Saturday, August 8, 2009

All Apologies

So I'm in my mid to late twenties. Most of my friends are too. I've been hearing more and more of them say things like, "I thought I would be further along in my life now," or "I feel behind" I've been noticing a lot of feelings of inadequacy over not making enough money, not owning property, or not being in the ideal relationship.

It's kind of depressing. Not only because the people I care about feel dissatisfied with their lives, but because I'm not sure having all of these things is going to guarantee peace of mind/fulfillment. And what happens to one's sense of self when these things disappear/are threatened?
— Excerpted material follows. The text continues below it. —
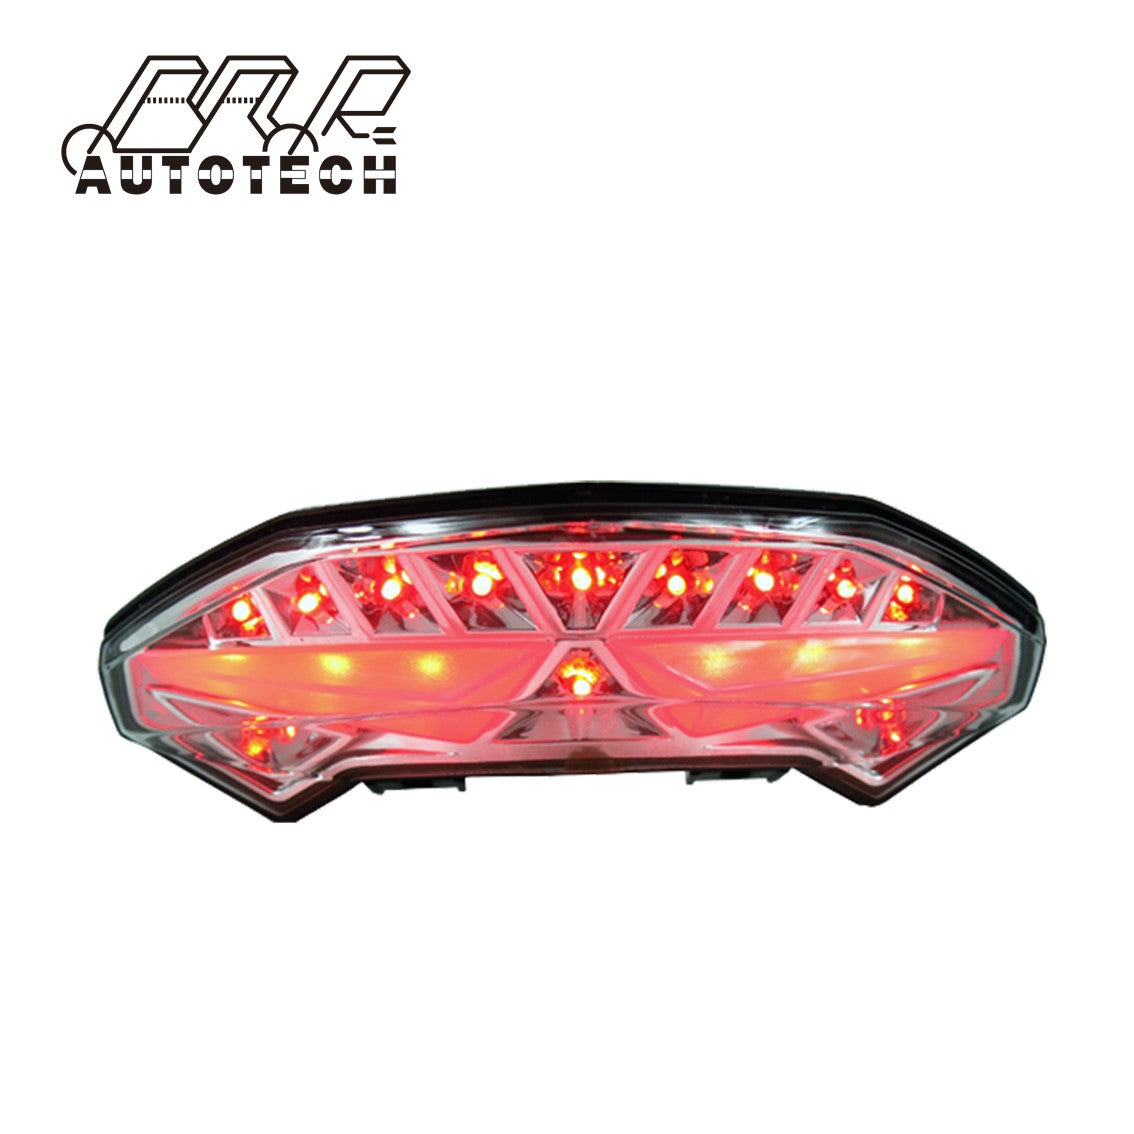 Motorcycle led tail lights For DUCATI MULTISTRADA 1200 2010-2014

I feel like people want things like marriage and a certain career more for the status these things display than for the enjoyment they bring. I'm definitely not anti-ambition, and I can see myself being married (and even having kids!) if it was right. But it feels like these goals are a bandwagon, and it's a bit of a downer.

No, I'm not going to try to preach that you are the all singing, all dancing crap of the world.

But when I'm really honest with myself, I can't see myself being anything beyond my state of mind in this moment. Life is a series of moments, and I'm afraid of looking back on my life and not appreciating what each moment had to offer.

The irony is that I've been an anxious insomniac with a knot-ridden back. Turning off my mind, relaxing, and floating downstream has been proving to be difficult for me as of late. And I think the source of this anxiety is the desire to push my life forward and achieve some long overdue goals. Maybe this is just imprinted in the human condition.

I can't speak for others, but I suppose I will always be trying to find balance between appreciating and supplicating.

2 comments:

Mrs. M. said...

well if you're not going to preach that we are the all singing all dancing crap of the world, would you at least tell us that we are not beautiful and unique snowflakes?

ShaneMo said...

haha. yeah...well.

we are and we aren't beautiful and unique snowflakes.